Ефим хитрит, как ему кажется, ловко и незаметно, бросает вызов загадочному пассажиру, о котором уже многое знает. Только все знания — великая тайна, и он уже поставил подпись на бумаге — внушительном секретном документе.
— Почему, — говорит профессор, — знаю.
— Через десять?
— Никогда.
— Как это никогда? Вы ничего не путаете?
Профессор не понял вопроса — в самолете шумно и говорить непросто, всякий раз приходится срываться на крик.
— Я говорю, когда победит пролетарская революция? — повторяет вопрос Ефим и двигается ближе, чтобы не пропустить ни слова, — через пять?
— Через пять лет нас не будет. Ни меня, ни вас — будет война, страшная кровавая, весь мир захлебнется в крови. Погибнут миллионы ни в чем неповинных людей.

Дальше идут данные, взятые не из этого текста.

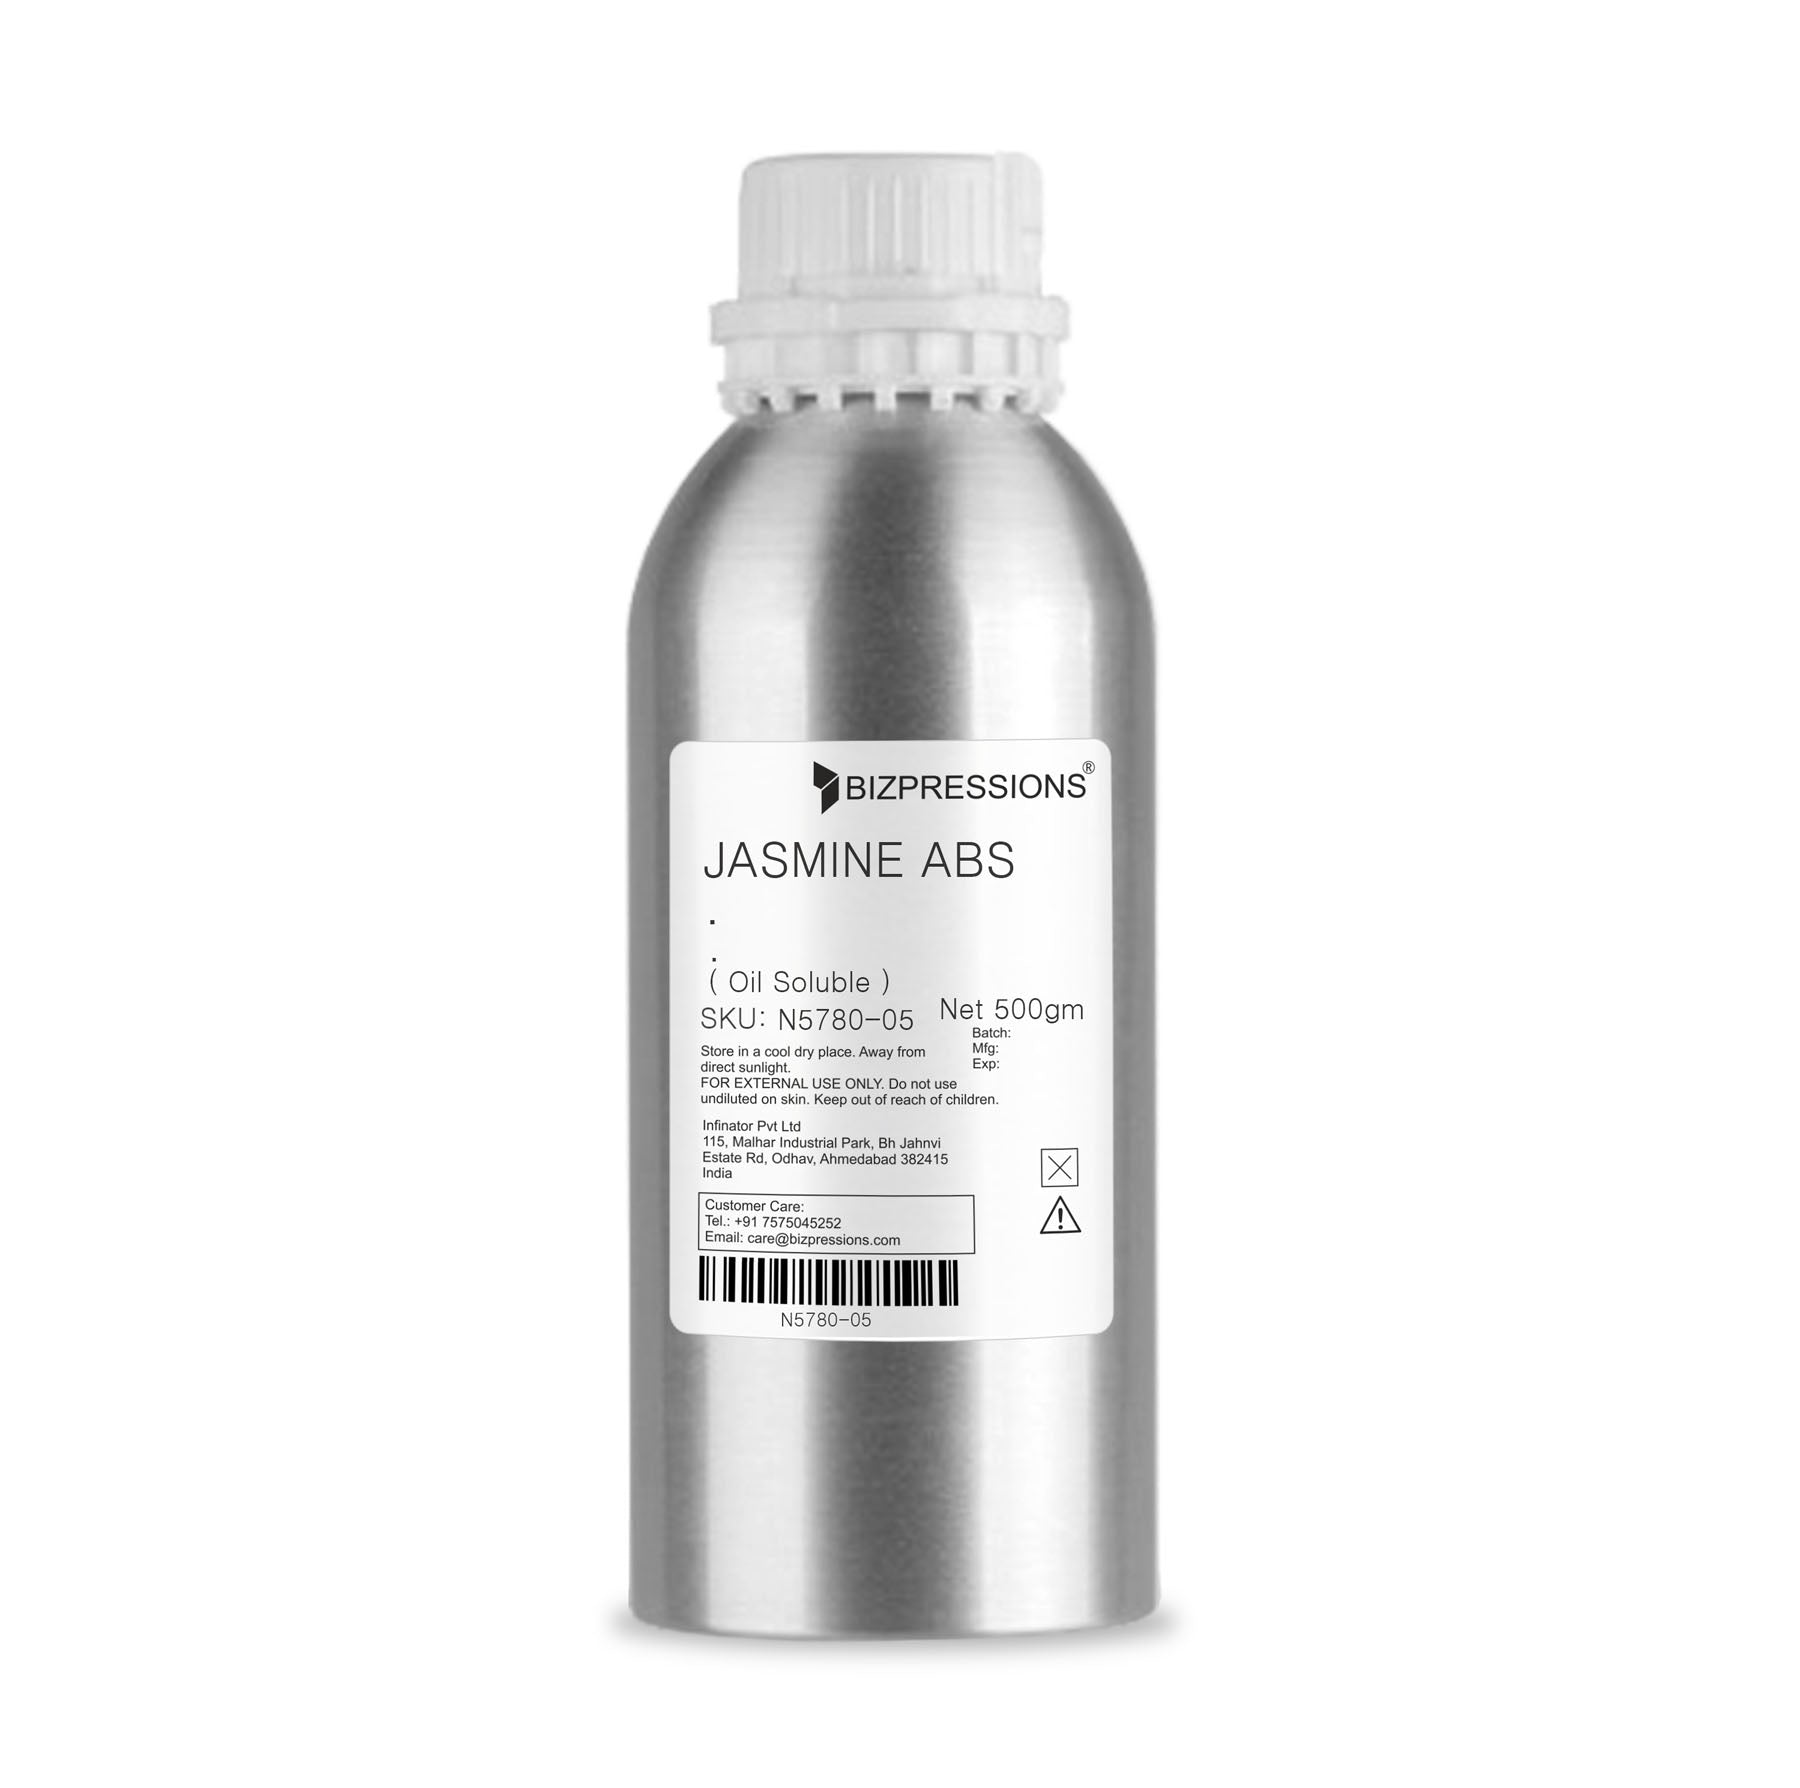 JASMINE ABS - Fragrance ( Oil Soluble ) - 500 gm

— Нас убьют? — Ефим разочарован и немного напуган. — Враги убьют? Профессор, вы уже об этом сообщили? А кто победит?
Барченко молчит, но говорит Сидорчук.
— В любой войне должен быть победитель, нас победить невозможно. Даже если они нас победят, победы все равно не будет — мы все умрем. Умрем как один — какая же это победа?
— Победы, как ее обычно понимают, — медленно произносит Барченко, — не будет. Проиграют все — и победители, и побежденные. Победа — миф, важно сражение.
— А кто враг? Германия?
— И Германия тоже, — неохотно соглашается профессор.
— Это очень важно. Вы обязательно должны сообщить нашему руководству.
— Уже.
— Как! Они знают?
— И вы тоже, — как-то холодно говорит Барченко и, кажется, смеется. Смеются глаза — они испускают энергию и проникают куда-то вглубь, от чего Ефим чувствует, как по телу пробегает электрический заряд.
Никита Назарович прав. Дьявол! Настоящий дьявол, а что полагается делать с Дьяволом? Осиновым колом, и сверху цементом, и чтобы ни одна живая душа не знала, а тех, кто знает, за ним в ту же яму и снова цементом, цементом, цементом…
— Было уже это все, — словно разочаровавшись, произносит профессор, — и на кострах жгли, и головы рубили, а еще в кипящей смоле топили — не помогло. Мысль убить невозможно, рубильником только щелкнуть, нарушить контакт, так она в другом месте даст о себе знать, новый проводник найдет. Я же — проводник, обыкновенный проводок, по которому она бежит.